Carbon dioxide (CO₂) is typically not considered a direct air pollutant in the traditional sense, as it does not have immediate harmful effects on human health at ambient concentrations. However, its role as a greenhouse gas makes it a major contributor to global climate change, which indirectly affects human health. High levels of CO₂ in indoor environments can cause discomfort, drowsiness, and reduced cognitive function. The primary health concerns associated with CO₂ are related to its impact on climate change, leading to increased heat waves, air pollution, spread of infectious diseases, and extreme weather events. These indirect effects pose significant risks to public health, emphasizing the need to control CO₂ emissions.

Oxides of nitrogen (NOx), particularly nitrogen dioxide (NO₂) and nitric oxide (NO), contribute to environmental degradation in several ways. They play a crucial role in the formation of ground-level ozone and smog, which negatively affect air quality and harm ecosystems. NOx emissions also lead to acid rain, which can damage forests, soils, and aquatic habitats. Additionally, they contribute to eutrophication in water bodies, leading to excessive growth of algae and depletion of oxygen, harming aquatic life. To reduce NOx emissions, measures such as implementing stricter vehicle emission standards, promoting the use of low-NOx burners in industrial processes, and increasing the use of renewable energy sources can be effective. These measures help in reducing the concentration of NOx in the atmosphere, mitigating its environmental impacts.

Catalytic converters are essential components in modern vehicles, designed to reduce harmful emissions of pollutants like carbon monoxide (CO), hydrocarbons (HC), and nitrogen oxides (NOx). They function by facilitating chemical reactions that convert these pollutants into less harmful substances. Inside the converter, exhaust gases pass over catalysts, typically platinum, palladium, and rhodium, which catalyze the oxidation of CO and HC into carbon dioxide (CO₂) and water (H₂O), and the reduction of NOx into nitrogen (N₂) and oxygen (O₂). This process significantly reduces the emission of these pollutants, contributing to improved air quality. However, the efficiency of catalytic converters can be compromised by engine malfunctions or the use of leaded petrol, which can poison the catalysts. Regular maintenance and the use of unleaded petrol are therefore essential to ensure the effective functioning of catalytic converters.

Particulate matter (PM), especially fine particles like PM2.5 (particles with a diameter of 2.5 micrometres or smaller), poses serious health risks. When inhaled, these fine particles can penetrate deep into the lungs and even enter the bloodstream, leading to respiratory and cardiovascular issues. Exposure to PM is linked to aggravated asthma, lung cancer, heart attacks, and premature death in people with heart or lung disease. To minimize exposure, individuals can reduce outdoor activities during high pollution days, use air purifiers indoors, and live in areas with lower traffic emissions. Governments and industries can contribute by enforcing stricter emissions standards, promoting cleaner transportation, and implementing policies to reduce industrial emissions. Reducing exposure to PM is vital for public health, particularly in urban areas with high levels of air pollution.

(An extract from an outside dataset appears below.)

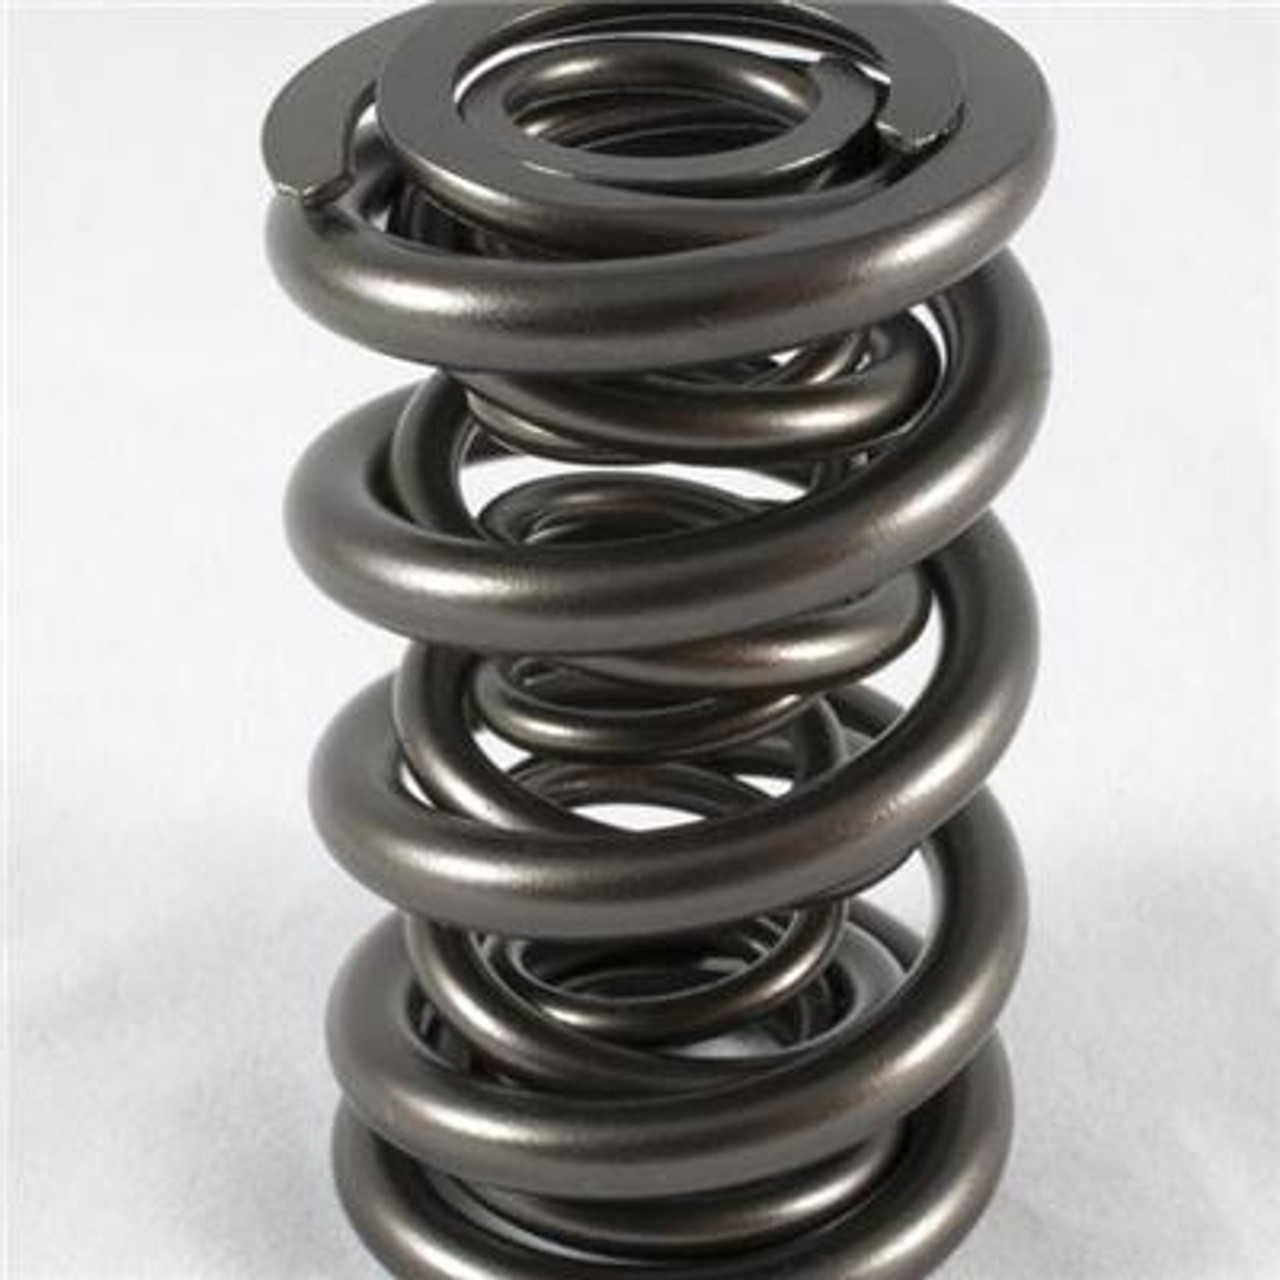 PAC-1248 •Seat Pressure: 332 LBS @ 2.100Open Pressure: 950 LBS @ 1.200 Coil Bind: 1.130 Max Lift: .900 16/pkg

Methane (CH₄) is a potent greenhouse gas, approximately 25 times more effective than carbon dioxide (CO₂) in trapping heat in the Earth's atmosphere over a 100-year period. Its contribution to the greenhouse effect lies in its ability to absorb infrared radiation emitted from the Earth's surface, trapping heat in the atmosphere. This process exacerbates global warming, leading to a rise in global temperatures, melting of polar ice caps, and an increase in extreme weather events. The major sources of methane include agricultural practices, especially livestock farming, landfills, and the extraction of fossil fuels. Methane's high global warming potential, despite its lower concentration compared to CO₂, makes it a significant contributor to climate change. Reducing methane emissions is thus critical in mitigating global warming and its associated impacts on ecosystems, sea levels, and weather patterns.